On September 26, 2022, Lumen Technologies, Inc. ("Lumen" or the "Company") announced that it and its indirect, wholly-owned subsidiaries Embarq Florida, Inc. ("Embarq Florida") and Qwest Capital Funding, Inc. ("QCF") commenced cash tender offers (the "Offers"), pursuant to which (i) Lumen has offered to purchase any and all of its outstanding 6.750% Senior Notes, Series W, due 2023 (the "Series W Notes"), 7.500% Senior Notes, Series Y, due 2024 (the "Series Y Notes"), 5.625% Senior Notes, Series X, due 2025, 7.200% Senior Notes, Series D, due 2025, 5.125% Senior Notes due 2026, 6.875% Debentures, Series G, due 2028 and 5.375% Senior Notes due 2029; (ii) Embarq Florida has offered to purchase any and all of its outstanding 7.125% Senior Notes due 2023 (the "2023 Notes") and 8.375% Senior Notes due 2025 (the "2025 Notes" and together with the 2023 Notes, the "Embarq Florida Notes"); and (iii) QCF has offered to purchase any and all of its outstanding 6.875% Senior Notes due 2028 and 7.750% Senior Notes due 2031.

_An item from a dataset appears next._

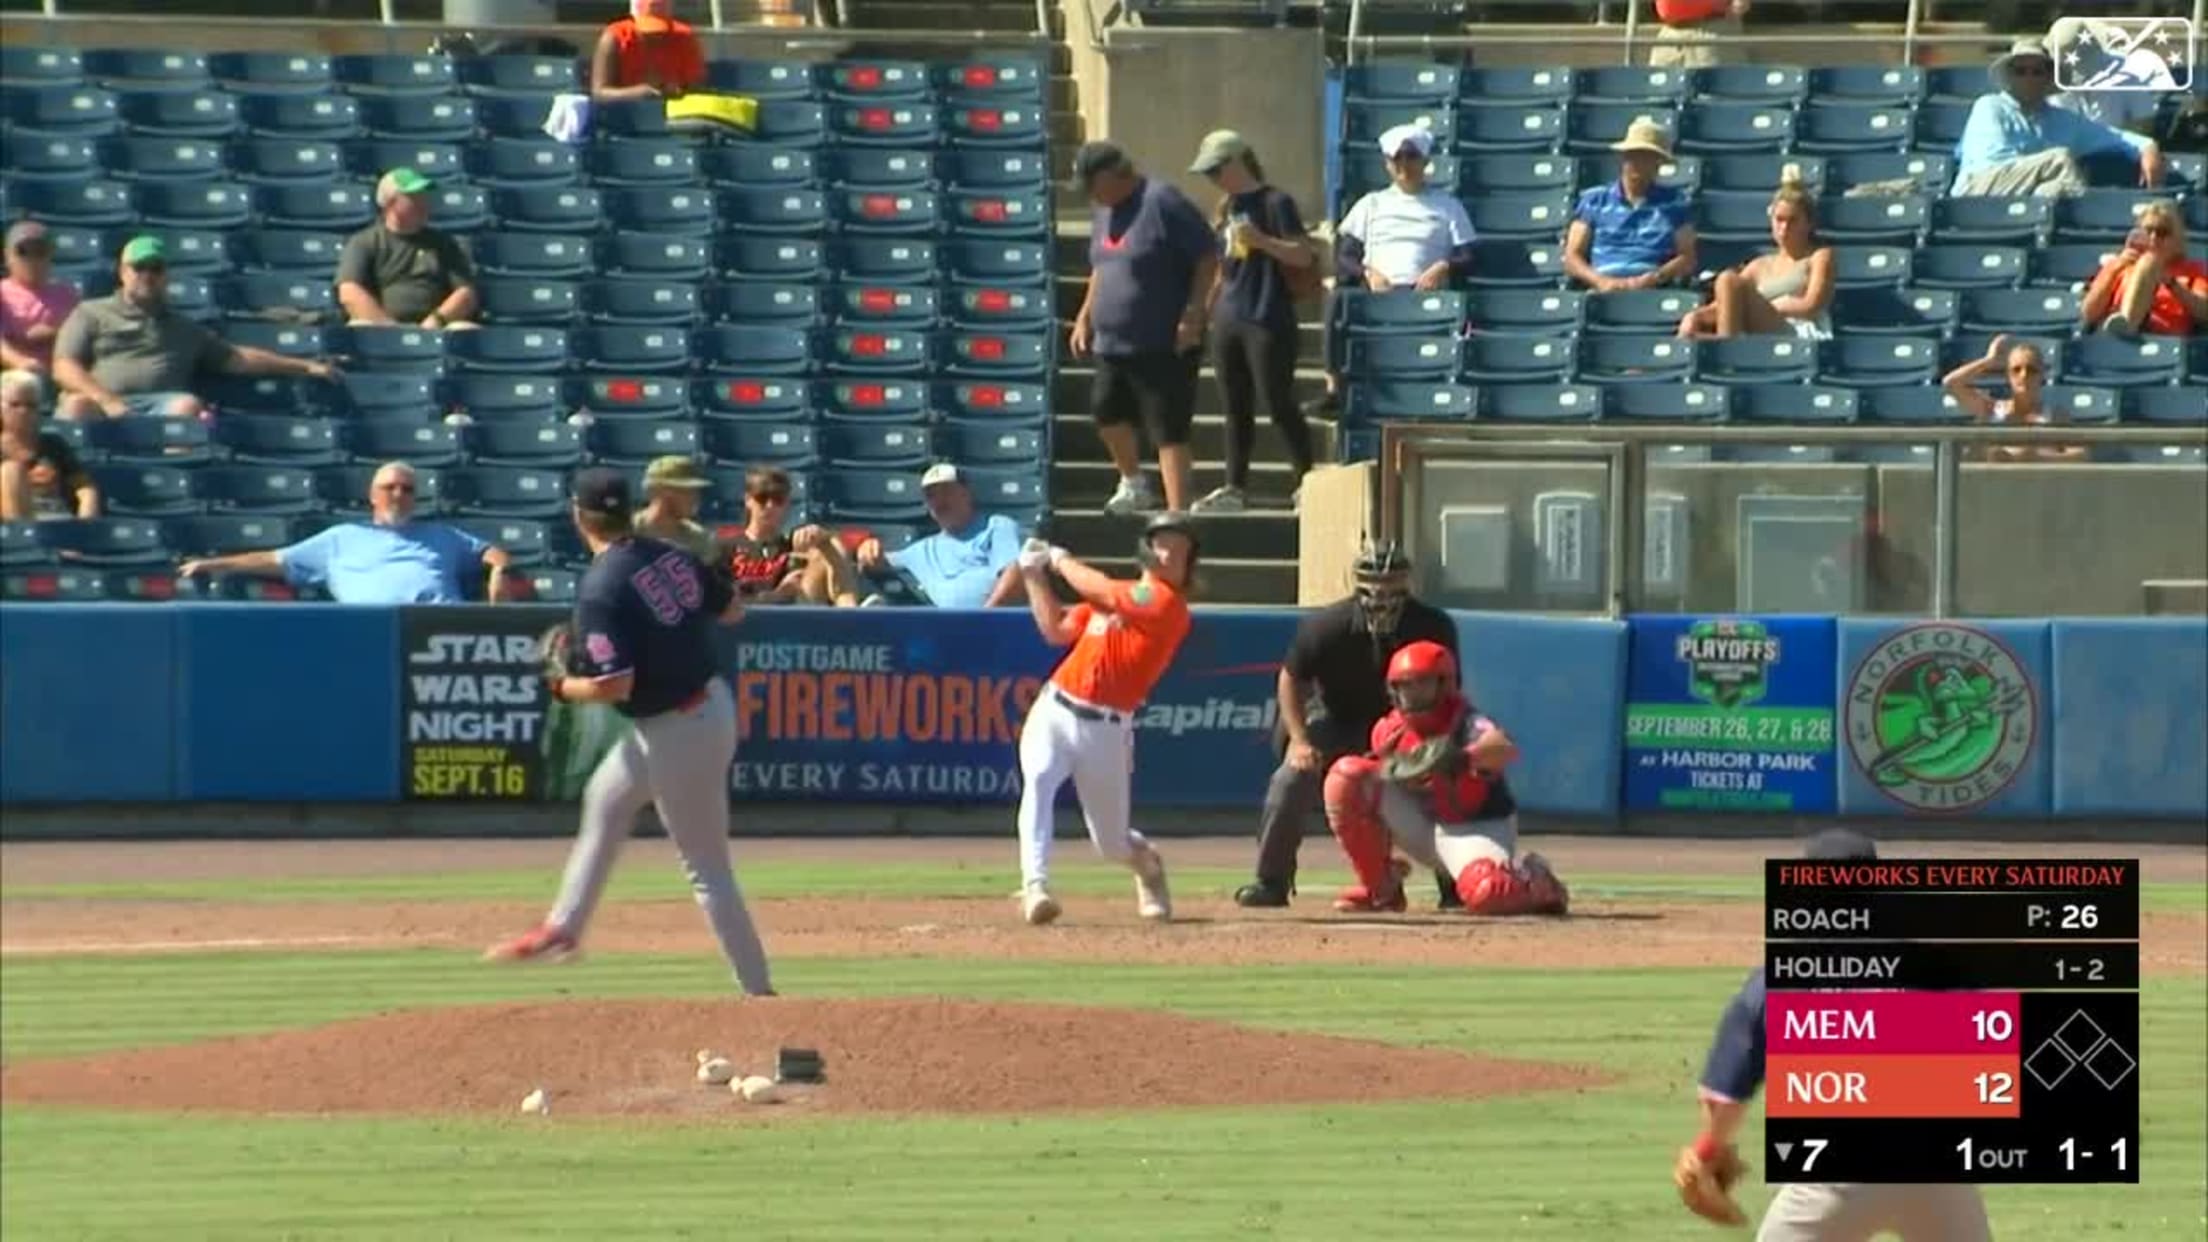 Jackson Holliday's booming double

The Offers are made upon the terms and subject to the conditions set forth in the Offer to Purchase, including the related Notice of Guaranteed Delivery, dated as of September 26, 2022. The Offers will expire at 5:00 p.m., New York City time, on September 30, 2022, unless extended or earlier terminated by Lumen, Embarq Florida or QCF, as applicable.

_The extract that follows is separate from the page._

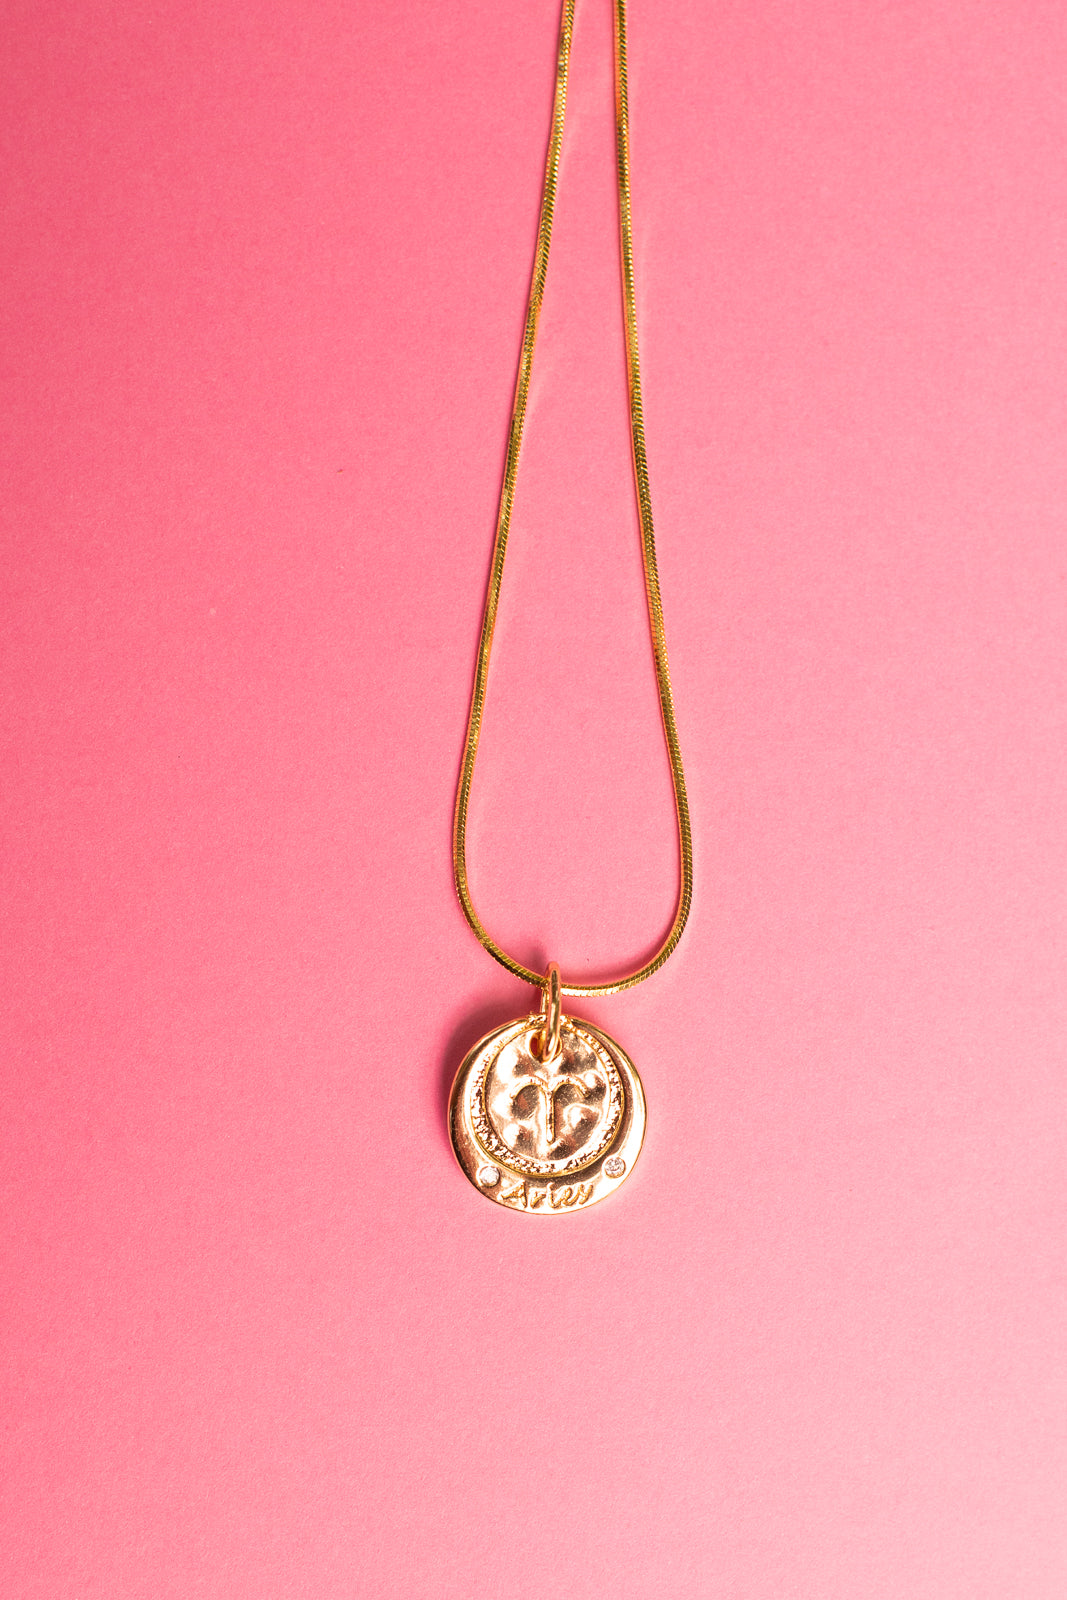 Zodiac Coin Necklace *GOLD FILLED*

Concurrently with the commencement of the Offers, (i) Embarq Florida intends to
issue notices to redeem any of the Embarq Florida Notes that remain outstanding
as of the redemption date at par, plus accrued and unpaid interest, and
(ii) Lumen intends to issue notices to redeem, subject to the completion of a
divestiture transaction (discussed in the press release filed on Exhibit 99.1 to
this Current Report on Form
8-K),
any of its Series W Notes and Series Y Notes that remain outstanding as of the
redemption date at a redemption price equal to the greater of par or par plus
the "make-whole" premium set forth in the terms of such Notes, plus accrued and
unpaid interest.

A copy of the Company's press release announcing the commencement of the Offers is attached herewith as Exhibit 99.1 and is incorporated herein by reference.



Neither this Current Report on Form
8-K
nor anything contained herein is a notice of redemption for the Embarq Florida
Notes, the Series W Notes or the Series Y Notes, or any other debt securities
under the applicable indentures governing such debt securities.


Item 9.01 Financial Statements and Exhibits.





  (d)  Exhibits:




Exhibit
  No.     Description

99.1        Press Release dated September 26, 2022 announcing Offers.

104       Cover page formatted in Inline XBRL and contained in Exhibit 101.